Repository files navigation

⚾ Stuff+ Pitch Quality Model

A machine learning pipeline that predicts pitch quality from physical Statcast characteristics — replicating and extending the Stuff+ methodology used in MLB front offices.

Built as the capstone project for SABR Analytics Certification Level IV.


🎯 The Core Question

Can we predict the run value of a pitch based solely on its physical characteristics at the moment of release — independent of outcome?

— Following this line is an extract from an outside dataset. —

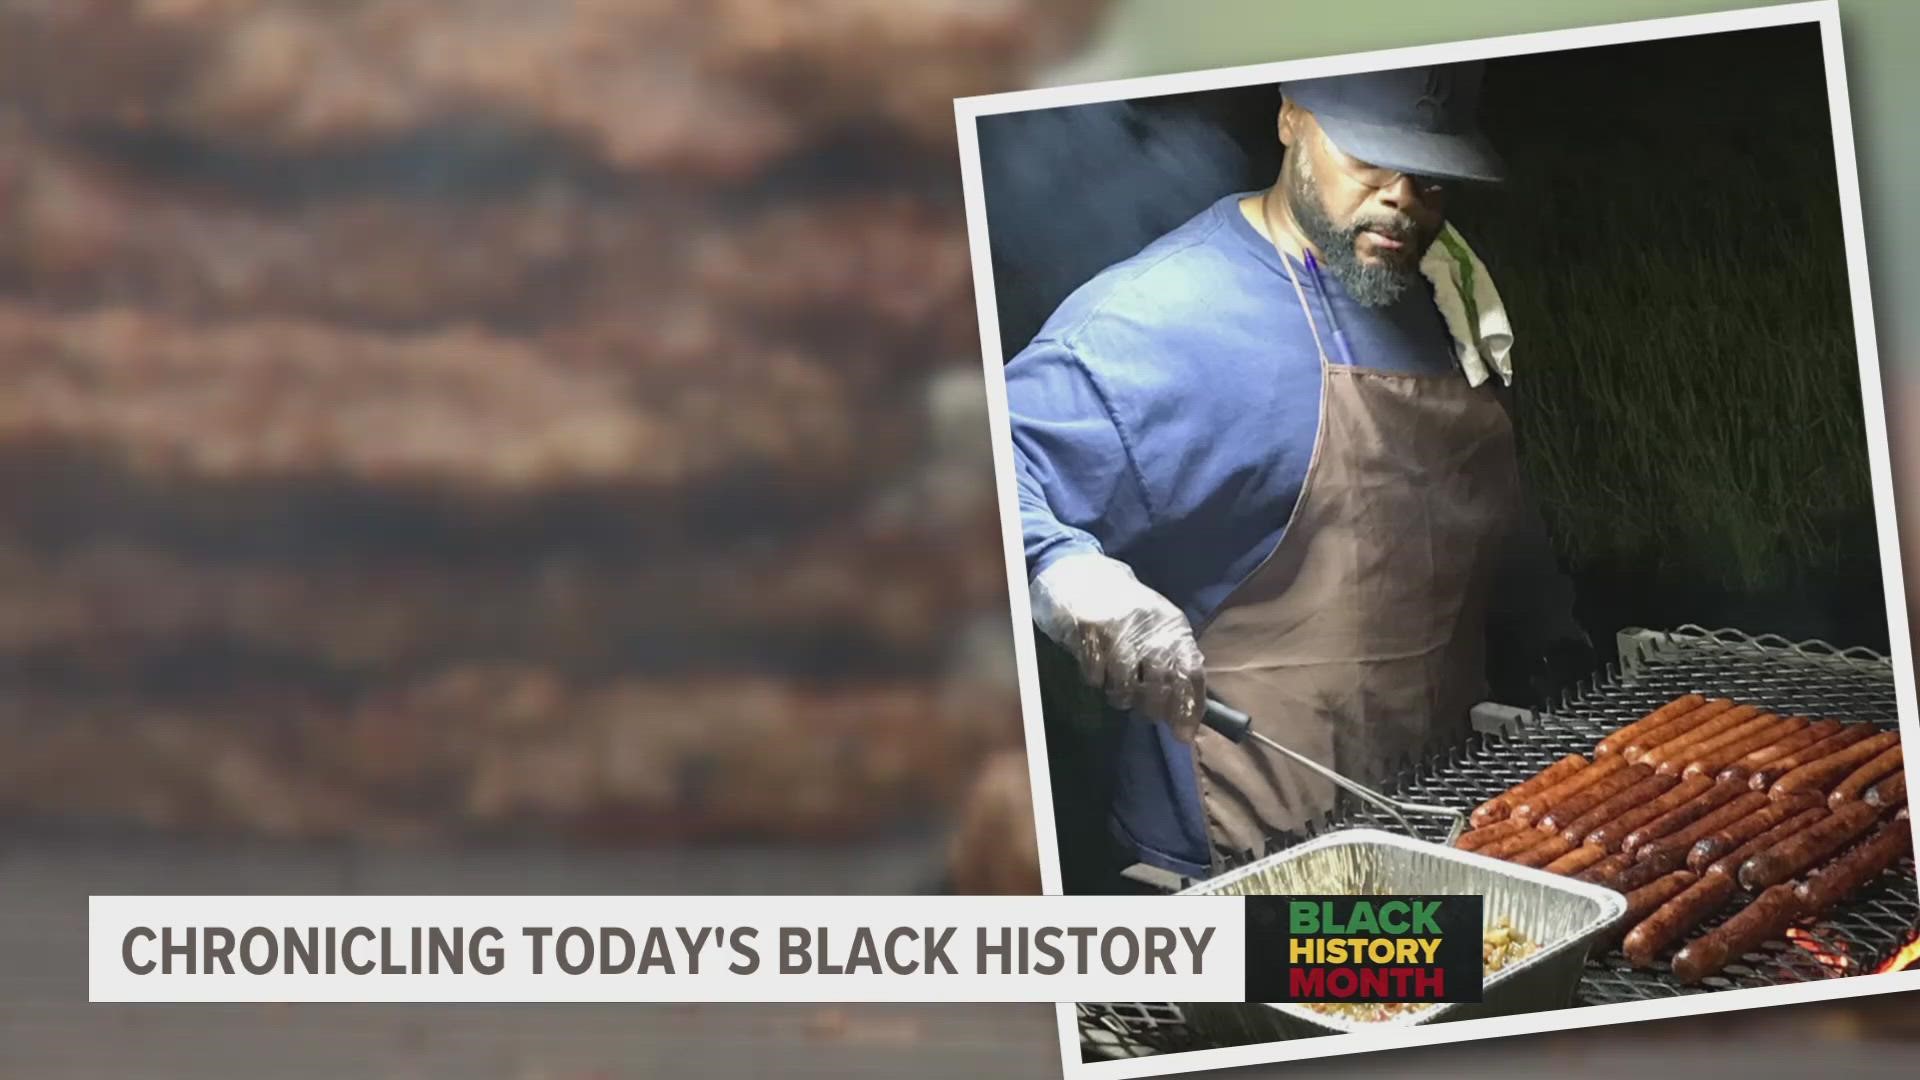 Derek Manning set out to visit 28 Black-owned businesses during Black History Month, and even he was surprised at how many he ended up making it to.

Stuff+ is a pitch quality metric that evaluates how "nasty" a pitch is based purely on its physics: velocity, movement, spin, release point. A Stuff+ of 100 is league average. Above 100 is better. The metric deliberately ignores what happened after contact — it captures intrinsic pitch quality, not luck.


📁 Repository Structure

stuff-plus-model/
│
├── stuff_plus_model.ipynb       # Python pipeline — full Statcast pull → model → leaderboard
├── stuff_plus_models.R          # R implementation — Random Forest baseline vs. improved model
├── stuff_predictions.csv        # Model output — pitch-level Stuff+ predictions
├── README.md                    # This file

Two implementations, one problem: The Python notebook is the primary model. The R script is a companion implementation built during the SABR coursework, showing the same modeling problem approached in R with ranger. Together they demonstrate cross-language analytical ability.


🔬 Methodology

Target Variable

delta_run_exp — the change in run expectancy per pitch, sourced directly from MLB Statcast via pybaseball. This is a true outcome-based run value, making it an ideal training signal for pitch quality.

Features Used

Feature Description
release_speed Velocity at release point (mph)
release_spin_rate Spin rate (rpm)
release_extension Distance from rubber at release (ft)
release_pos_x / z Horizontal and vertical release point
pfx_x Horizontal movement vs. gravity-only path (in)
pfx_z Induced vertical break / IVB (in)
plate_x / z Location at the plate
spin_axis Spin axis in degrees
pitch_type Pitch type (encoded)

Engineered Features

Feature Rationale
spin_velocity_ratio Spin rate per mph — captures spin efficiency, not raw spin. Pitches with high spin relative to velocity tend to have more deceptive movement.
total_break √(pfx_x² + pfx_z²) — total movement magnitude combining horizontal and vertical.
plate_dist Distance from strike zone center — pitches at the edges or just off the zone are harder to handle.
velo_x_ivb Velocity × IVB interaction — high velocity combined with high rise tends to generate whiffs.

🤖 Model Comparison

Model Notes
Random Forest (baseline) ranger in R / RandomForestRegressor in Python. Solid baseline, requires imputation for missing values.
HistGradientBoostingRegressor (final) Gradient boosting with histogram binning. Handles Statcast's missing values natively. Faster on 700K+ pitch events. Outperformed RF on both RMSE and R².

Why HistGradientBoosting over Random Forest?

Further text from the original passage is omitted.